When we look at budgeting in the state of Texas we'll note that spending on highways - which is listed under economic development - is the very large. We'll look at the numbers soon enough, but high levels of spending does not necessarily mean the money is spent well. Transportation in Texas continues to be primarily oriented around cars and the highways they drive on. When highways get crowded, the standard solution is to expand them, but sometimes that only provides a temporary solution. More cars are purchased, more people move in the affected area, and soon enough traffic is just as bad - or worse.

A recent report suggest that's exactly what happened with the recently completed expansion of I-10 heading west out of Houston.
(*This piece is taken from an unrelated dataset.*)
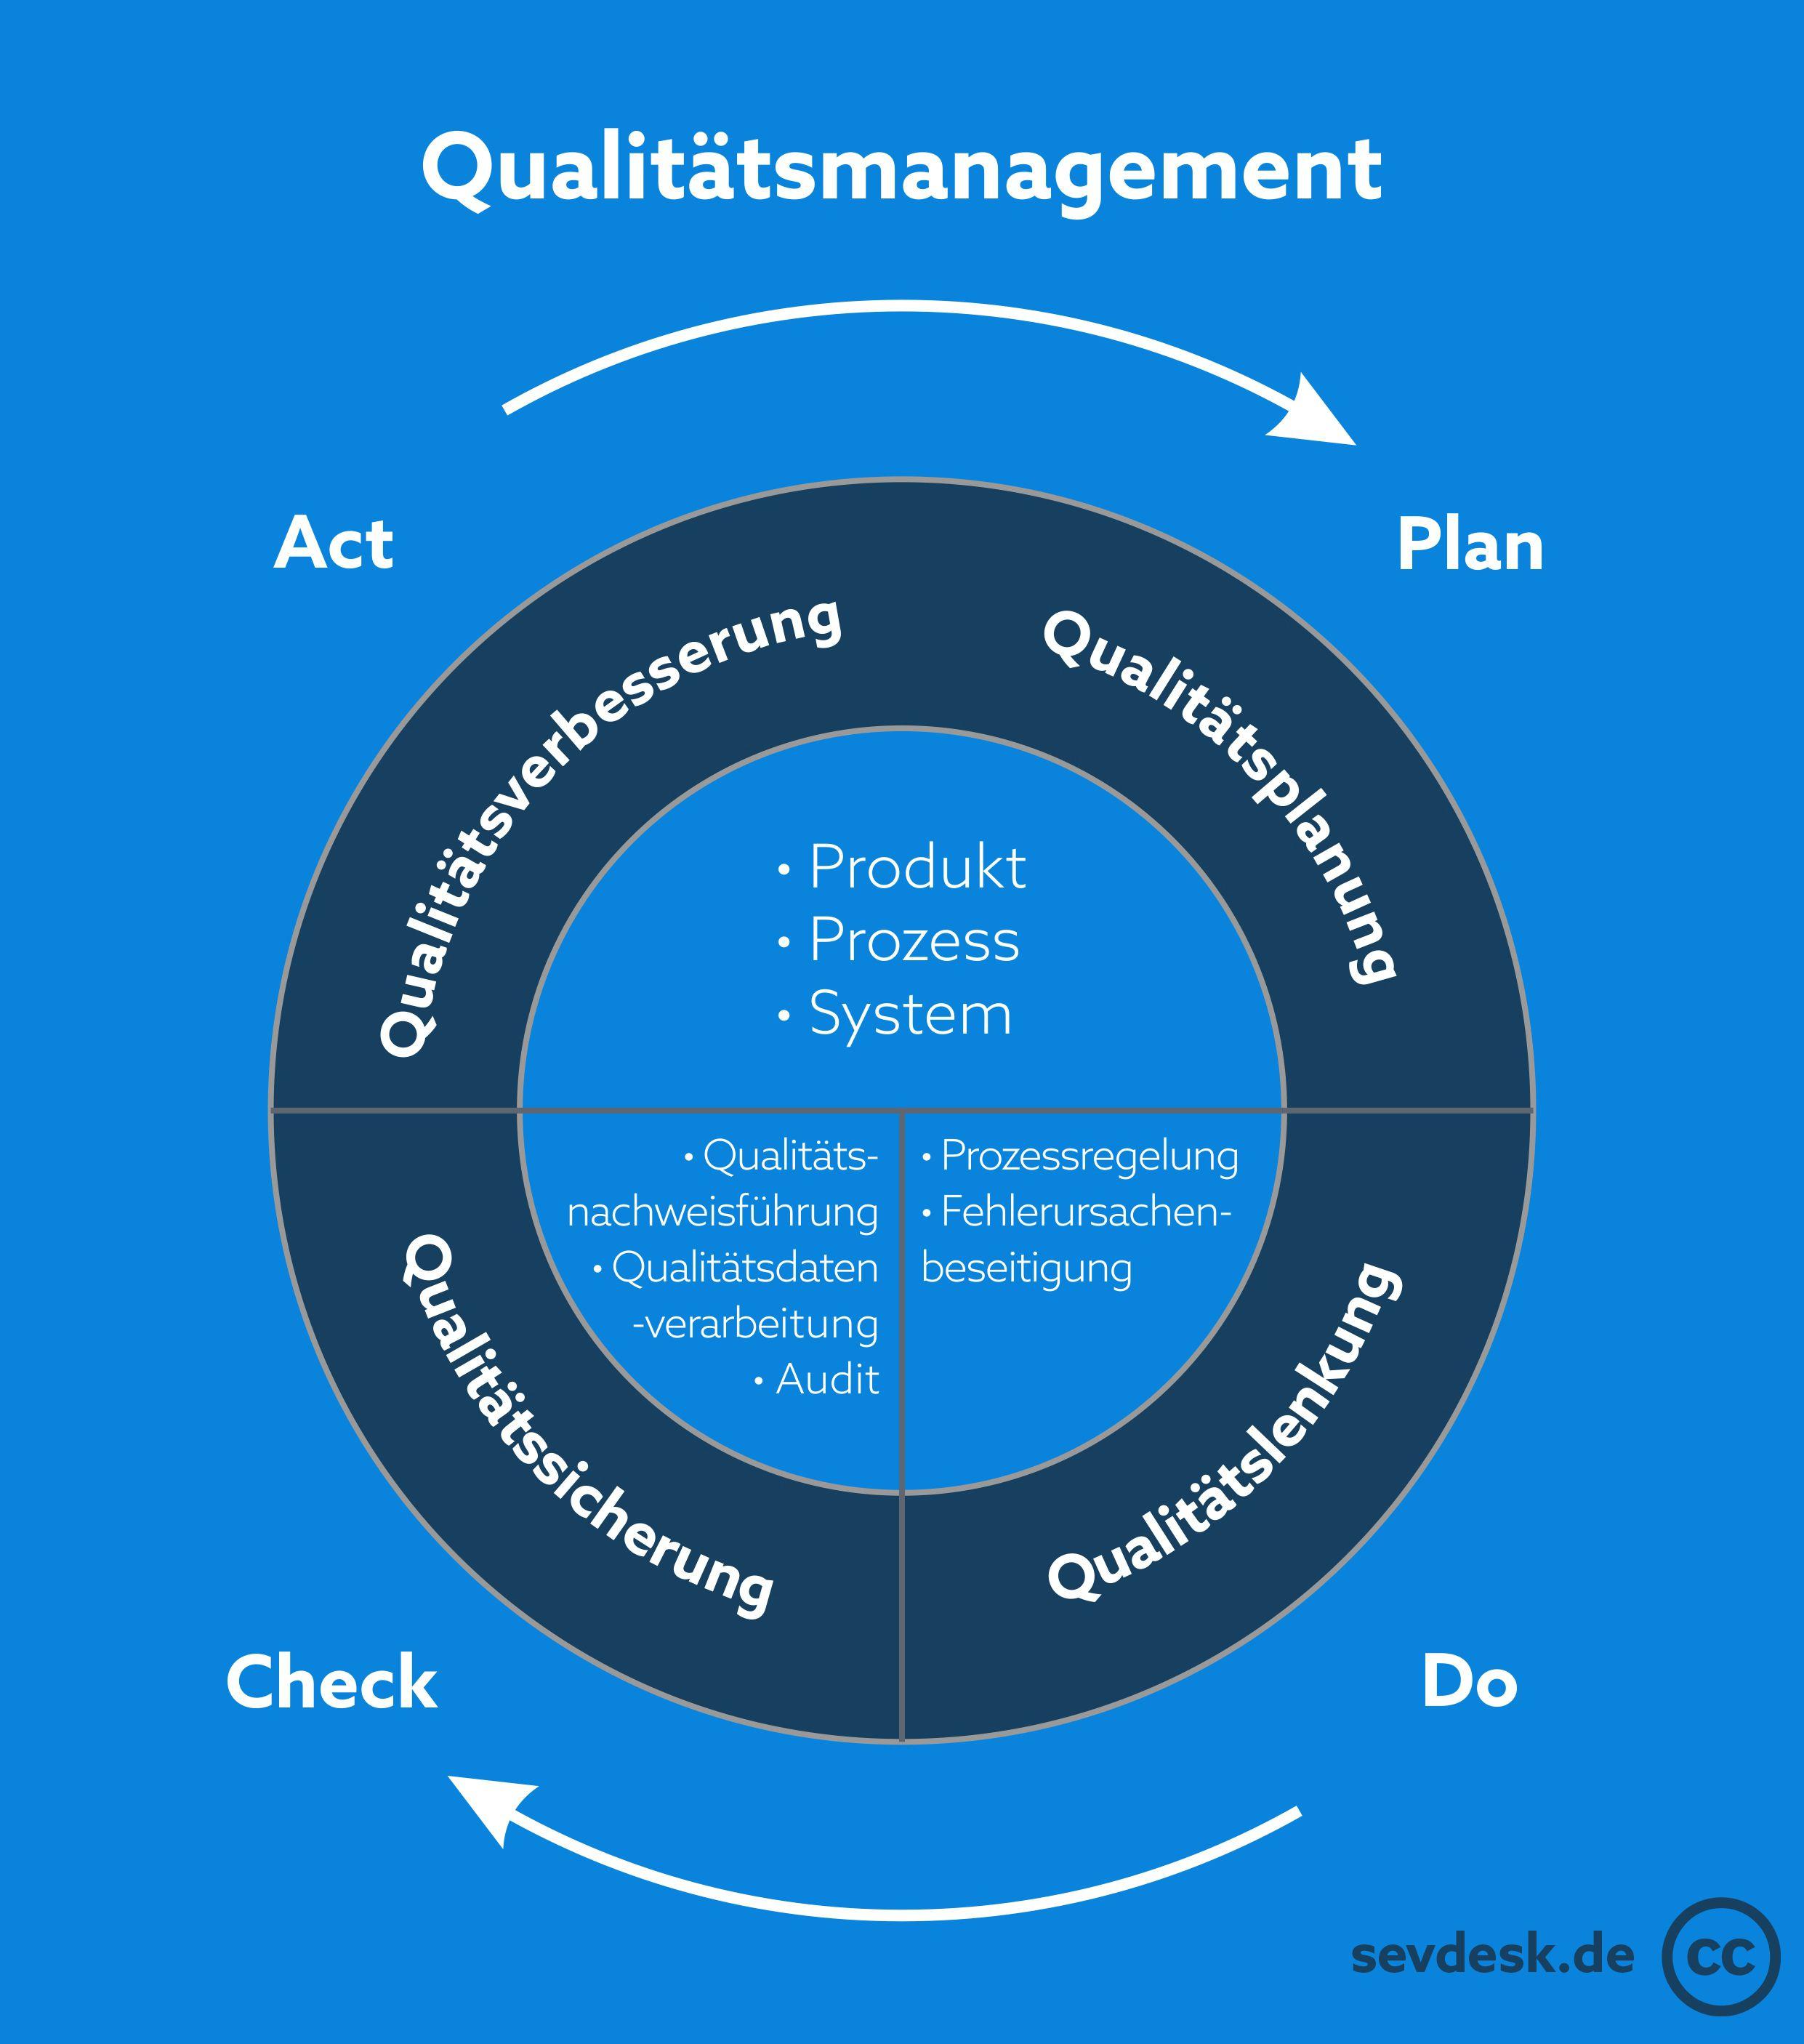 Qualitaetsmanagement Regelkreis
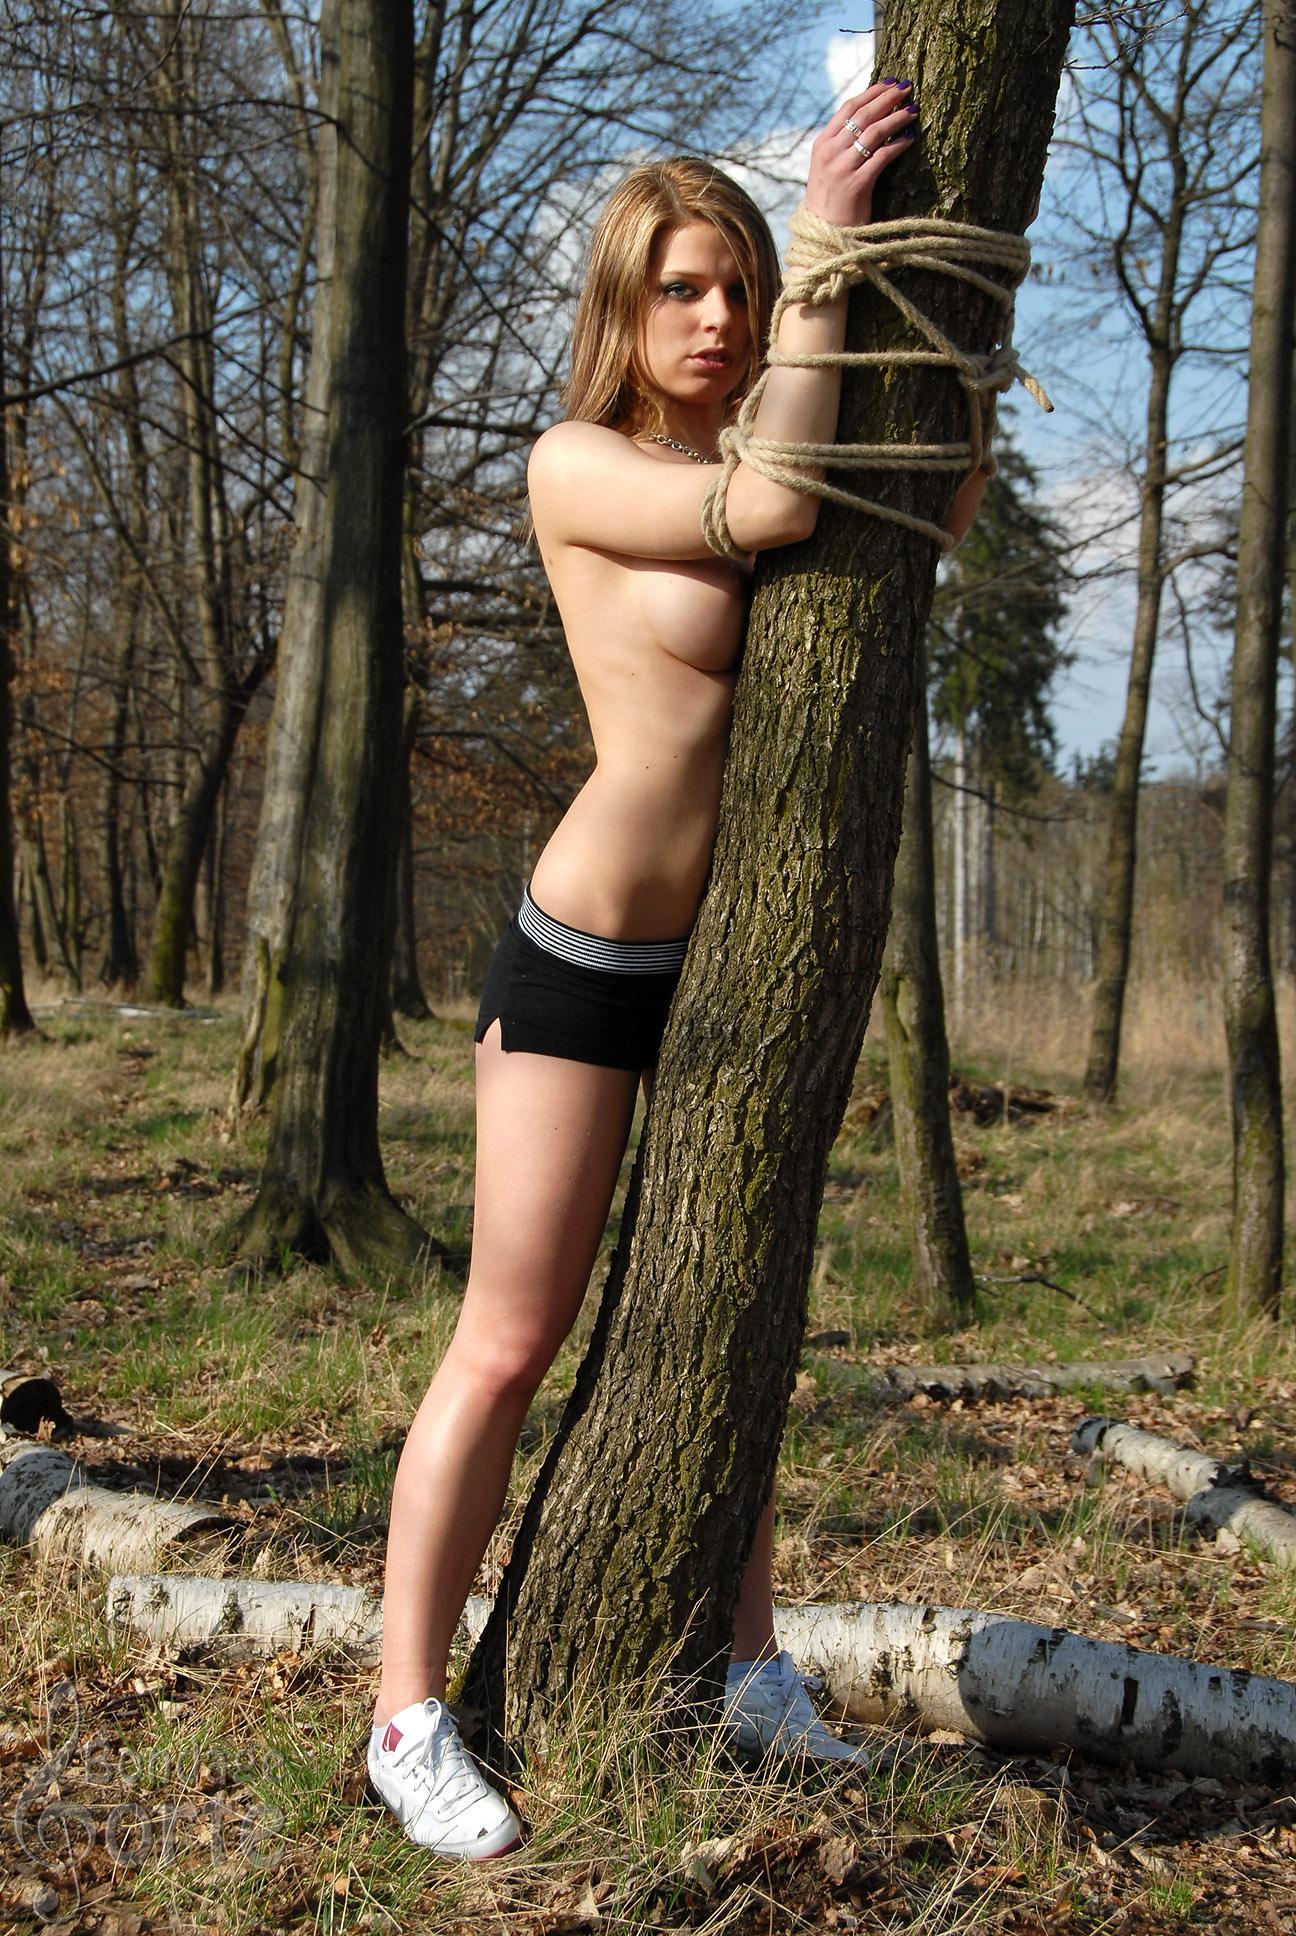 Связал девушку в лесу 9 фотография

It's prominently featured in a list of ill thought out highway projects recently completed - or underway - in the US.

- Click here for the article.
- Click here for the report.

When Texas expanded the Katy Freeway in Houston a few years back, the expectation was that making the massive road even wider would relieve traffic. Some $2.8 billion later, the 26-lane interstate laid claim to being the “world's widest freeway”—but the drivers who commuted along it every day were no better off. More lanes simply invited more cars, and by 2014, morning and evening travel times had increased by 30 and 55 percent, respectively, over 2011.
The lesson of the Katy Freeway is precisely the one that U.S. PIRG hopes to convey in its new report, “Highway Boondoggles 2,” the sequel to a 2014 effort. Given that expanding highways at great public cost doesn’t improve rush-hour traffic, there are better ways to spend this money, argue report authors Jeff Inglis of Frontier Group and John C. Olivieri of U.S. PIRG. They identify a dozen road projects, costing $24 billion in all, that are “representative” of the problem.